No. M2004-01264-CCA-R3-CD - Filed June 7, 2005

The defendant, Donald Solomon, pled guilty to theft of property valued at $1,000, but less than $10,000, a Class D felony. After conducting a sentencing hearing, the trial court classified the defendant as a Range I, standard offender and sentenced him to four years in the Department of Correction. The trial court ordered the defendant to serve the sentence consecutive to a sentence in another case for which the defendant was on probation at the time. In this direct appeal, the defendant presents the single issue of whether the trial court erred in sentencing. We affirm the judgment of the trial court. Tenn. R. App. P. 3 Appeal as of Right; Judgment of the Criminal Court Affirmed J.C. MCLIN , J., delivered the opinion of the court, in which JOSEPH M. TIPTON and NORMA MCGEE OGLE, JJ., joined. David O. McGovern, Assistant Public Defender, for the appellant, Donald Solomon. Paul G. Summers, Attorney General and Reporter; Elizabeth B. Marney, Senior Counsel Criminal Justice Division; J. Michael Taylor, District Attorney General; and Steven M. Blount, Assistant District Attorney General, for the appellee, State of Tennessee. OPINION Facts and Procedural History The brief recitation of the facts at the plea hearing to which the defendant acquiesced established that he had taken sums of money from several individuals to purchase all-terrain vehicles. Rather than purchasing and delivering the vehicles to the buyers, the defendant misappropriated the money to support his drug habits. The presentence report revealed that the defendant, at the time this offense was committed, was on felony probation in Coffee County for passing worthless checks in an amount more than $1,000 and for six counts of theft over $1,000.
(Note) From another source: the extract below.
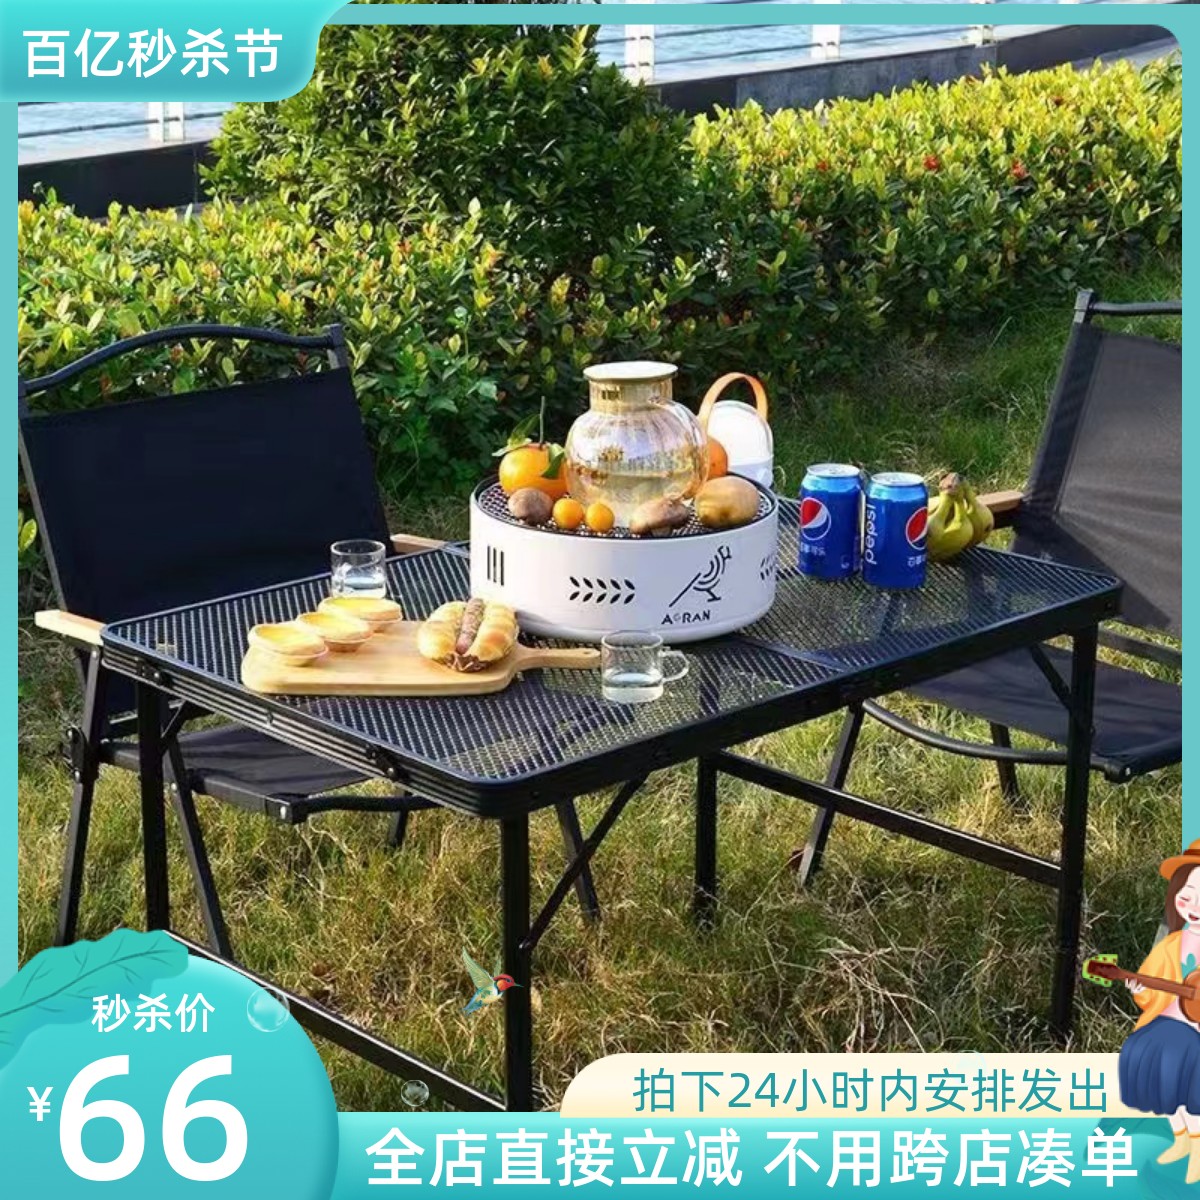 户外折叠桌便携式易收纳野餐铝合金铁网格小型防水防烫茶桌露营桌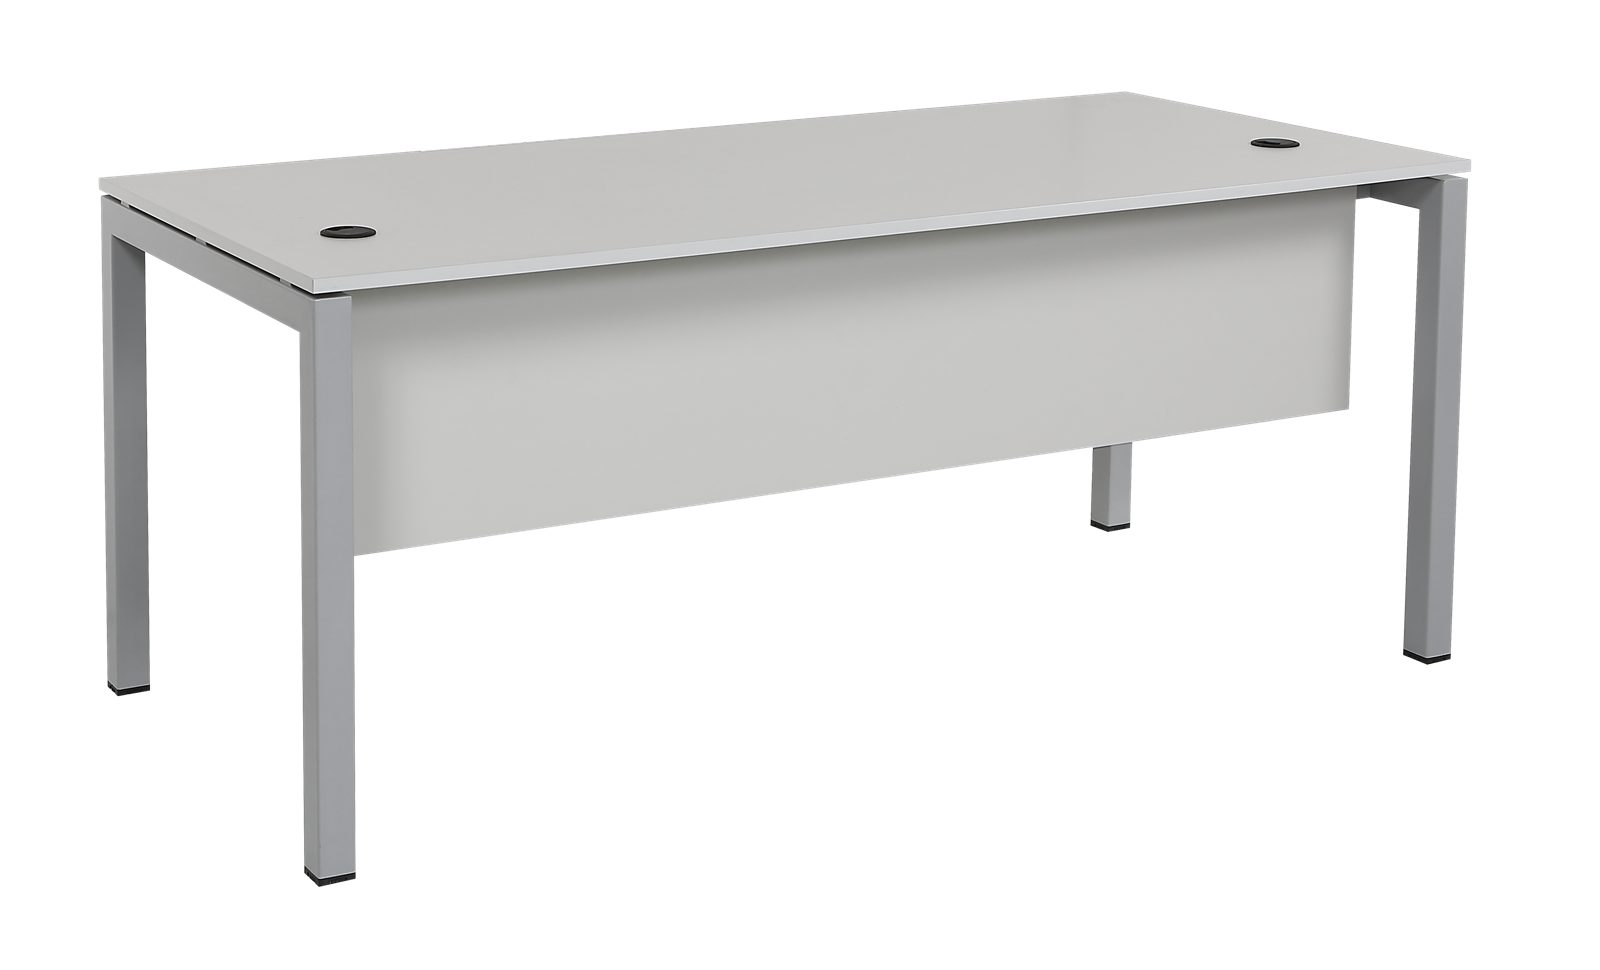 Furni24 Schreibtisch Schreibtisch Tetra, 180 x 80 x 75 cm, grau Dekor/silber RAL 9006

The presentence report also showed a series of similar prior felony convictions, a pending probation violation, and twelve cases pending in Coffee County that allege eighteen additional thefts. At the sentencing hearing, the defendant admitted that he had "ten prior convictions for doing the same thing that [he was] convicted here for, taking money from people, promising them stuff and . . . never deliver[ing] on [his] promise." The defendant further acknowledged that he was on probation at the time he committed this offense. At the conclusion of the hearing, the trial court stated: The range in the case is two to four years. I'm going to treat for the purpose of mitigating factors the nonviolent nature and his age. I'm going to find as enhancing factors the prior criminal conduct and the fact that he was on probation at the time of the offense. I'm giving virtually no weight to either of the mitigating factors. I'm recognizing them and giving them a very minimum amount of weight. I think the enhancing factors significantly, in this case, particularly the course of prior criminal conduct, significantly outweigh the mitigating factors and I'm going to set the sentence at four years. He is presumed entitled to alternative sentencing. However, in this case I think he's demonstrated to the Court that alternative sentencing is not going to be sufficient deterrent . . . and I'm going to require him for that reason to serve the four year sentence [in the] Department of Corrections [sic]. In justifying its order that the sentence be served consecutively to the sentence for which the defendant was on probation, the trial court stated, "the fact that [the defendant] went back to the scheme and did the same thing while on probation justifies this Court imposing a sentence that's not simply a concurrent sentence." Subsequently, the defendant filed notice of this appeal. Analysis In this appeal, the defendant relies on Blakely v. Washington, 542 U.S. - - - -, 124 S. Ct. 2531 (2004), to argue that his Sixth Amendment right to trial by jury was violated by the trial court's application of enhancement factors neither admitted by him nor found by a jury. Specifically, he contests the trial court's application of enhancement factors (2), prior criminal conduct, and (9), unwillingness to comply with the conditions of a sentence involving release into the community on probation at the time of the offense. Tenn. Code Ann.